This is the third part of a fiction serial, in 784 words.
When George woke up late the next morning, Eileen was already busy in the living room. The crochet club had a new project, and she was occupied with the squares that were her contribution. So he cooked his own breakfast of three sausages, three fried eggs, and four slices of toast. She was still being sniffy about him returning late last night, so he decided to take no notice of her. Instead, he went out into the garden, and got to work.
By the time he came in for a cold drink four hours later, George had transformed the garden. The small lawn had been cut, the edges trimmed, and all the weeding done in the flower beds. He had finally cut back the overgrown shrubs too, something he had been promising to do for at least seven years. When he finished his cold drink, he went out there again and gave all the fence panels two coats of wood stain. Feeling very pleased with himself, he went inside and asked Eileen what was for dinner, as it was almost six.
She was still working her hooks, and trying to make a point, obviously. “I haven’t thought about what to do yet, might warm up that casserole I saved from Sunday”. In no mood for a warmed-up casserole, George picked up his wallet and car keys. “Right then, you can have that if you want, I’m going for a Chinese takeaway”. He knew Eileen hated Chinese food. There were some people in the queue in front of him, so George perused the menu written above the counter as he waited. When it came to his turn, he smiled at the grumpy-looking Chinese lady, and placed his order.
“Right then, I will have some sweet and sour chicken balls, two spring rolls, beef in black bean sauce, and special fried rice”. He was unusually hungry, probably all that work in the garden.
Back at the house, Eileen was continuing the spat. “Please don’t eat that around me, you know I can’t stand the smell”. He took his food into the rarely-used dining room and laid it out on the mahogany table. His wife shouted from the kitchen. “Use the table mats, and don’t spill any of that muck onto the wood!” He didn’t use any mats, and he didn’t spill a drop onto the table, as he ate it at great speed, surprising himself when he realised he had finished it all.
Eileen couldn’t keep her bad mood going. She wanted to watch her favourite soap opera on TV, and George usually sat with her on the sofa as she watched it. He didn’t care anything about the characters, and who they were related to, but Eileen would give him a running commentary nonetheless. “That’s her sister, and she had sex with the blonde’s husband. But of course, the blonde doesn’t know yet. There is going to be hell to pay when she finds out”. George was zoned out. The northern accents of the cast seemed like a foreign language to him anyway, but watching it with Eileen had become a habit.
At least he didn’t have to wait too long to turn over to the news.
It was well before ten when he started to feel very tired. Perhaps he had overdone it in the garden? His muscles would probably ache tomorrow. “I’m off to bed love. reckon I did too much gardening today”. He kissed her on the cheek and made his way upstairs. So tired, he didn’t even bother to brush his teeth before collapsing into bed.

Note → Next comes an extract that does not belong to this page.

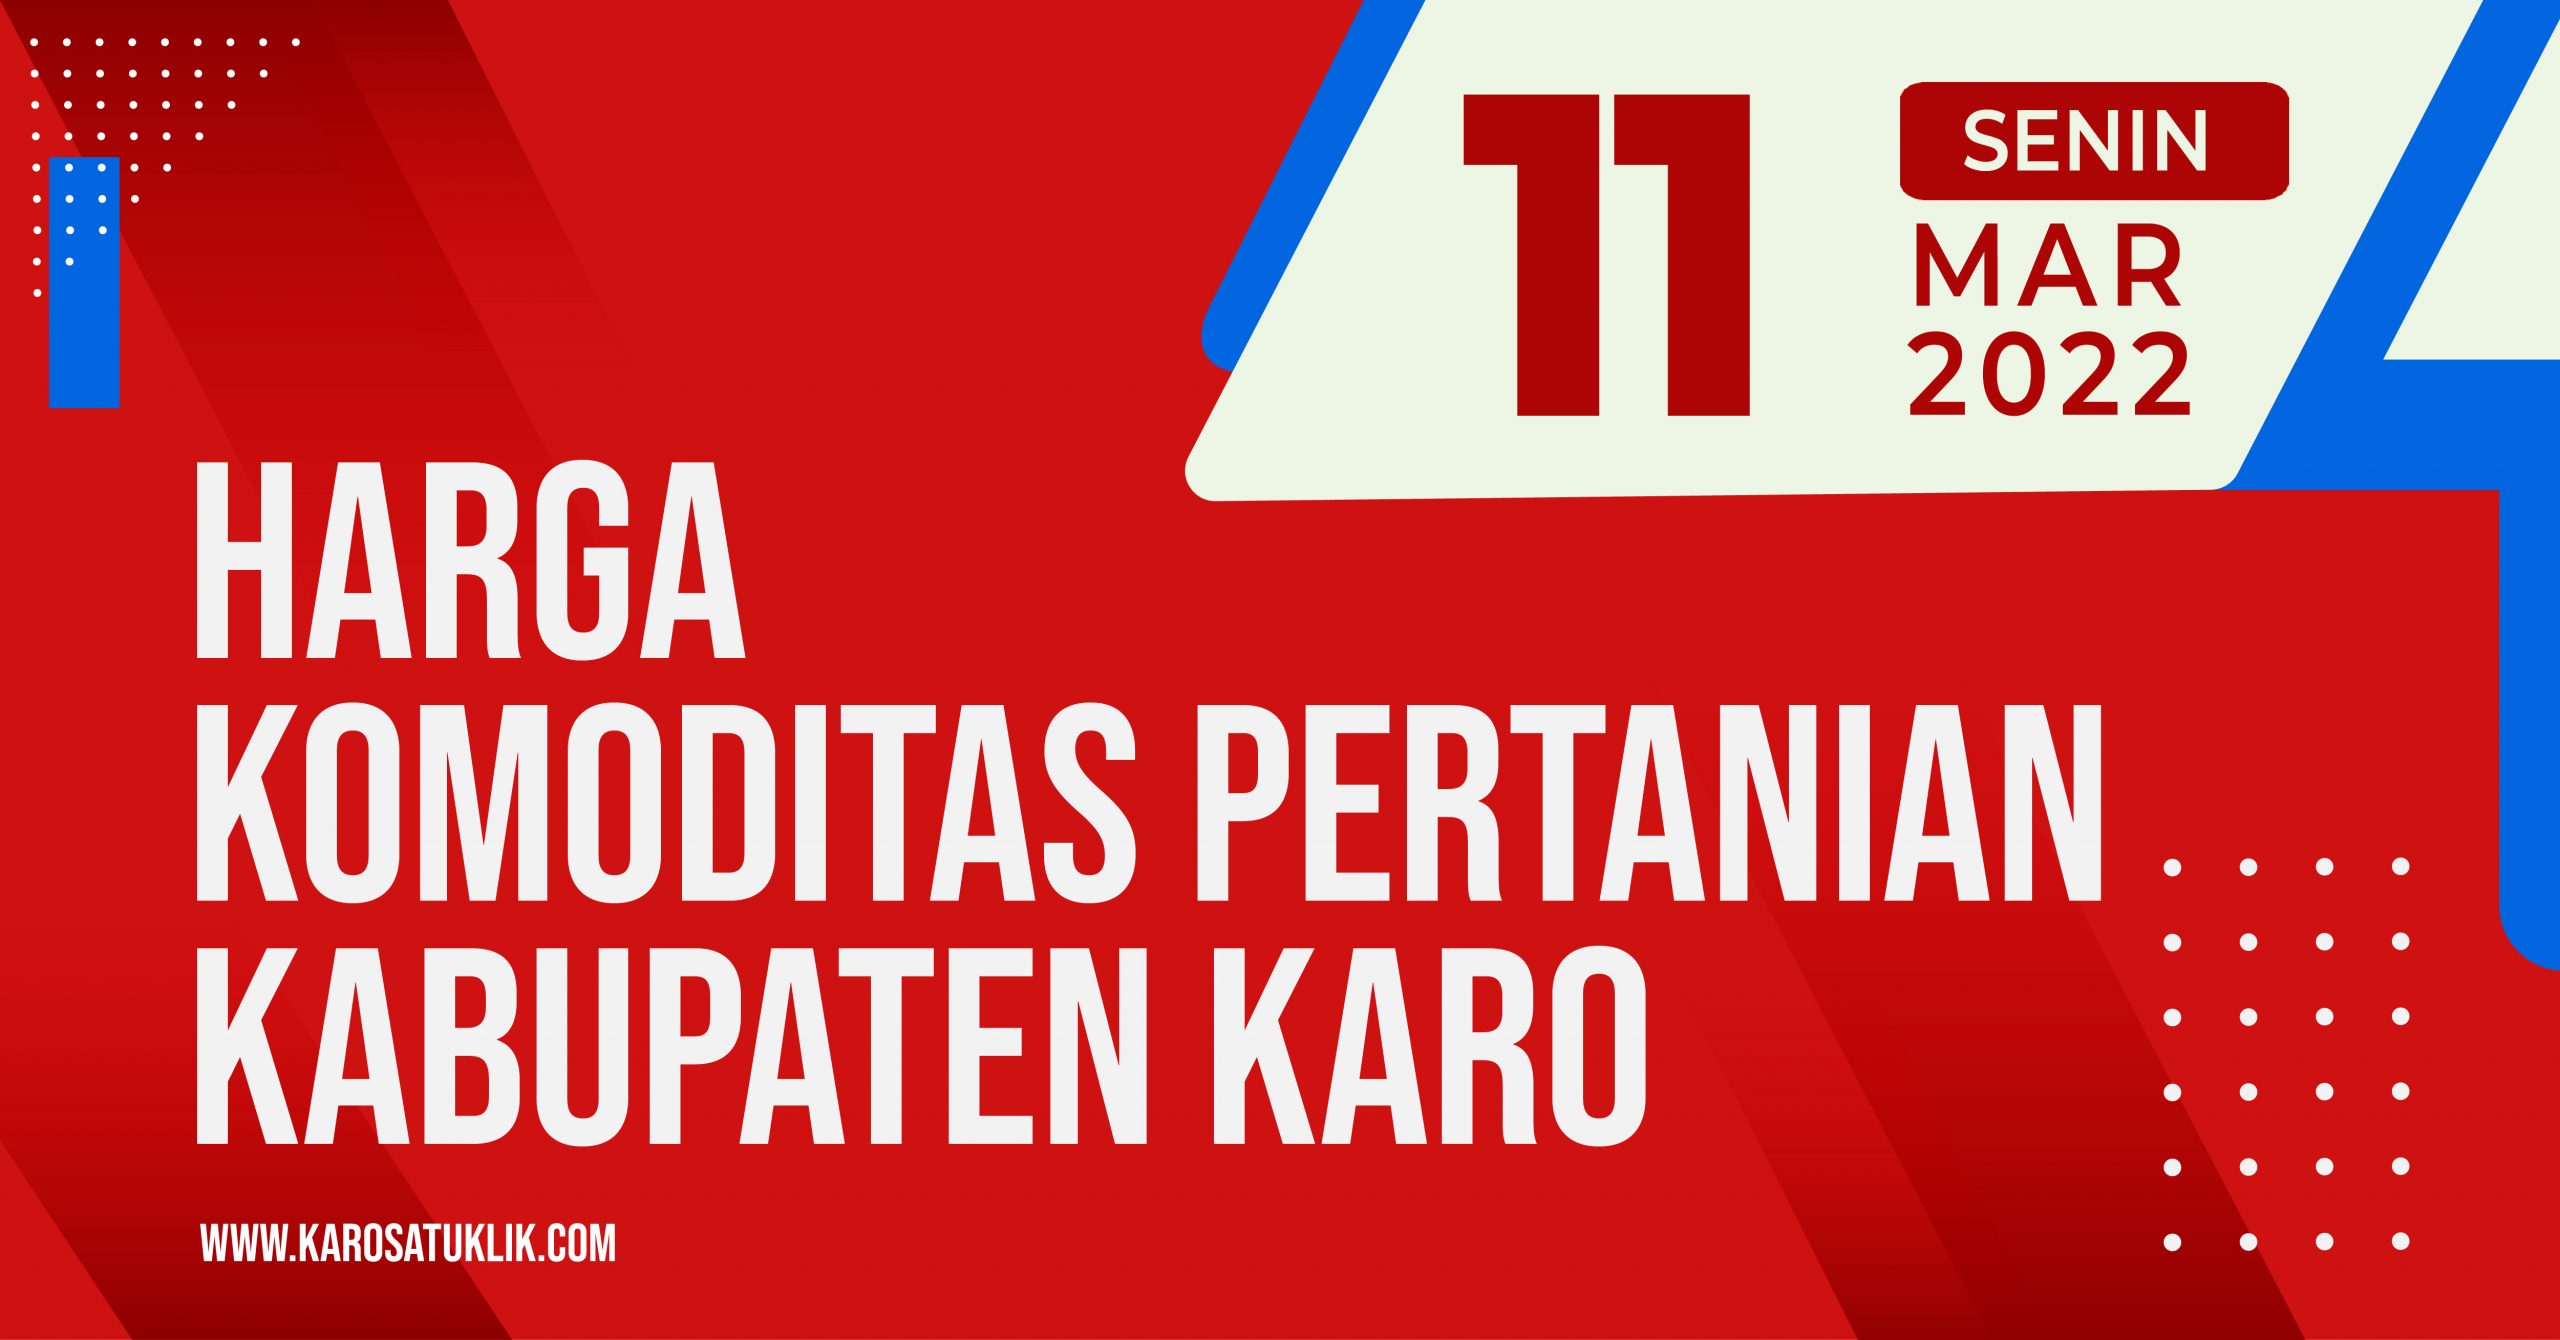 Daftar Harga Komoditas Pertanian Kabupaten Karo, Senin 11 April 2022

The light woke him. He checked the time on the digital alarm clock, and it was four-fifteen. Standing at the window listening to Eileen snoring, he felt rejuvenated by the blue light. Well, he had just had over six hours sleep, so that might have something to do with it. When the light went out, he didn’t want to go back to bed. He went into the bathroom and had a wash and shave, before grabbing some clothes from the bedroom without waking his wife.
Downstairs in the kitchen, he had a cup of tea while writing a note. ‘Gone for a drive. Not sure when I will be back’. He left the note next to the kettle, sure that Eileen would see it when she got up.
By five thirty, he was forty miles away, heading north. Time to go somewhere he had never been before. Just after eight that morning, he was looking for somewhere to park in Lincoln.
He had seen photos of the castle and cathedral there many years ago, but Eileen said it was too far for a day trip.